The transport is fair-scheduled: a bulk directory pull is multiplexed
against other traffic so it can't starve interactive streams. Throughput
is largely invariant to file *count* — 30k small files reconstruct at a
rate comparable to one large file of the same total size, because the
fetch concurrency keeps the transport saturated regardless of how the
bytes are partitioned. The `recv-dir` summary reports
`throughput_mib_s` for the run.

### Memory use

`send-blob` and `recv-blob` **stream to and from disk** — they never hold
the whole blob in memory. `recv-blob` writes each verified chunk to
`<out>.partial` as it arrives; `send-blob` reads the source (file or
stdin) one chunk at a time, hashing and (with `--store`) persisting each
before reading the next. Peak memory is roughly **one chunk** (4 MiB), so
the practical size ceiling for a single file is free disk, not RAM.

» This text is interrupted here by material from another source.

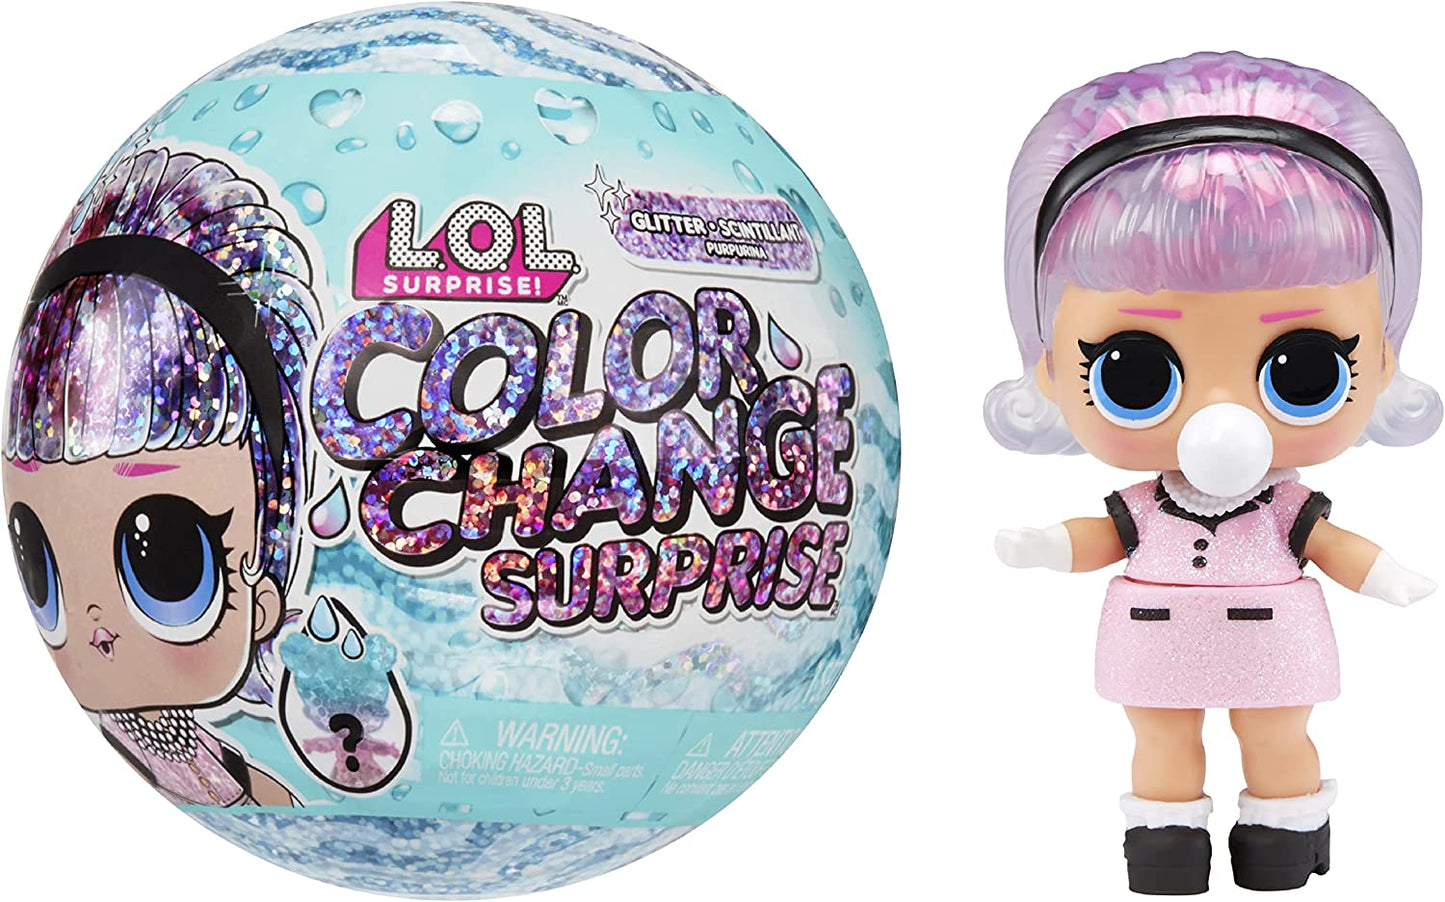 L.O.L. Surprise! Boneca com Acessórios com Glitter Mudança de Cor - 7 Surpresas 4+

The one hard bound that remains is **per chunk**: the receiver rejects any
single chunk whose declared length exceeds `TRANSFER_MAX_CHUNK_BYTES`
(16 MiB), guarding against a misbehaving holder. Normal chunks are 4 MiB.

`send-dir` / `recv-dir` likewise don't buffer the whole tree — they
content-address and fetch leaf files individually, bounded by
`--concurrency` (recv side), so peak memory tracks a handful of in-flight
leaves rather than the total transfer size. A large multi-chunk leaf
streams to disk one chunk at a time too (like `recv-blob`), so even a
directory containing one huge file stays bounded to ~one chunk per
in-flight leaf.

---

## 8. Scope (what this is not)

Per `TRANSFER_CLI_PLAN.md`, deliberately out of scope:

- **`push`** (initiate a transfer to a remote target). Receiver-consent
  flows aren't exposed at this layer; the publish-and-fetch model covers
  operational use.
- **Bandwidth control flags** — the fairscheduler handles fairness
  automatically.
- **Resumable-across-restart transfers** beyond the engine's in-transfer
  retry.
- **Multi-source / swarming fetches.**